**Requirement**
Every line below should be copied exactly; drop the pictures.

**Material provided**

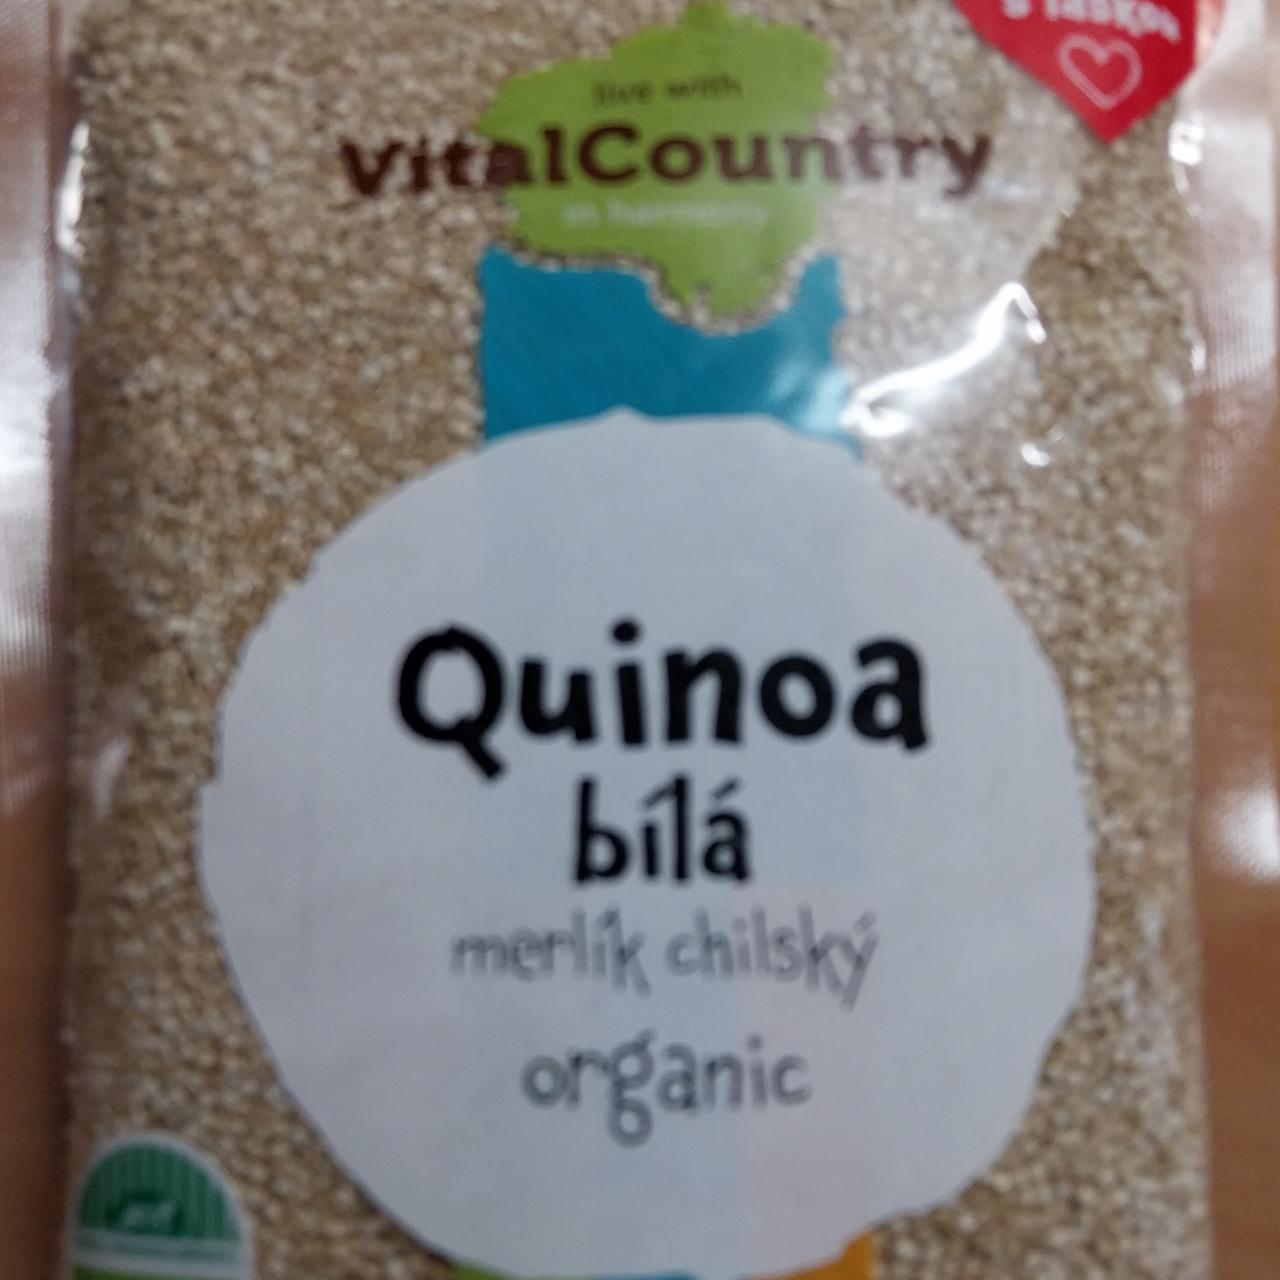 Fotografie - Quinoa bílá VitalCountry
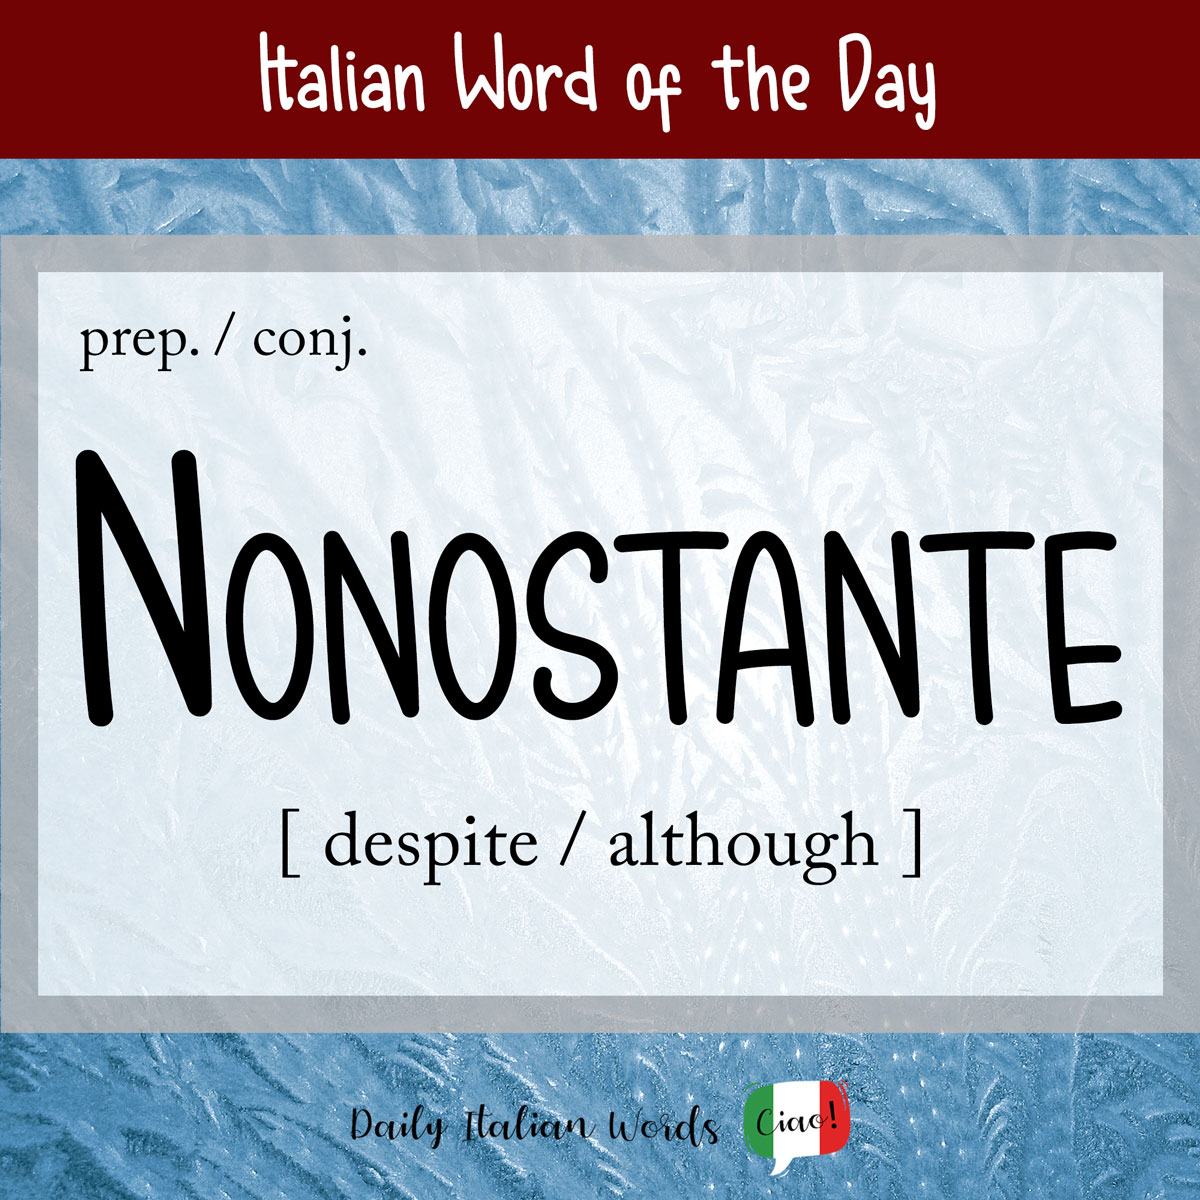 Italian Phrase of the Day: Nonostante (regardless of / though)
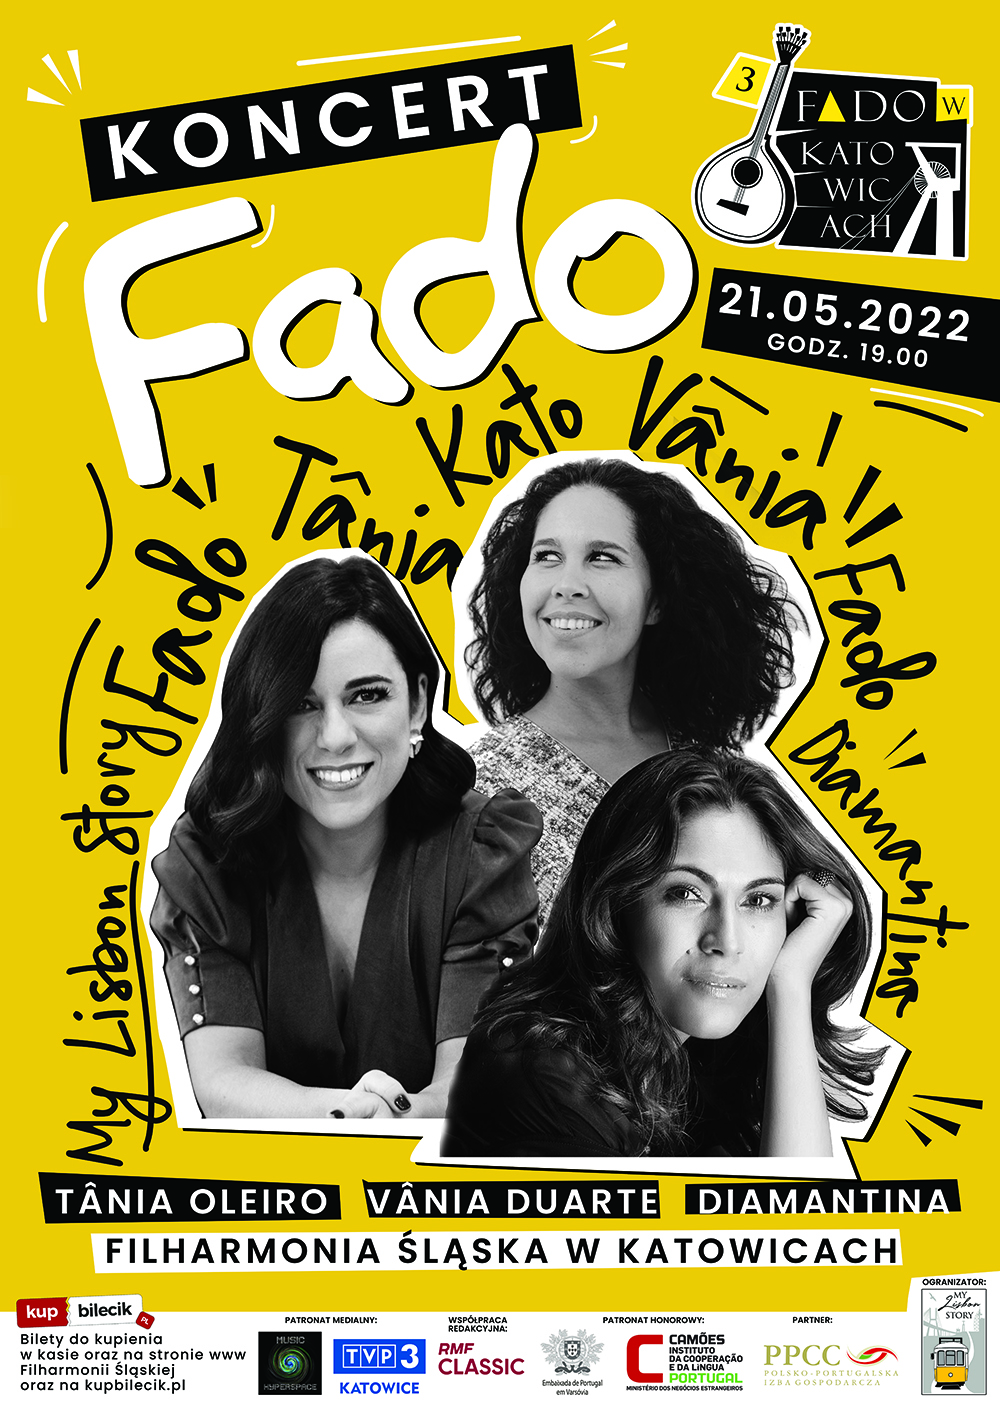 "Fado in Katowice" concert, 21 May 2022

**Answer**
 Fotografie - Quinoa bílá VitalCountry
 Italian Phrase of the Day: Nonostante (regardless of / though)
 "Fado in Katowice" concert, 21 May 2022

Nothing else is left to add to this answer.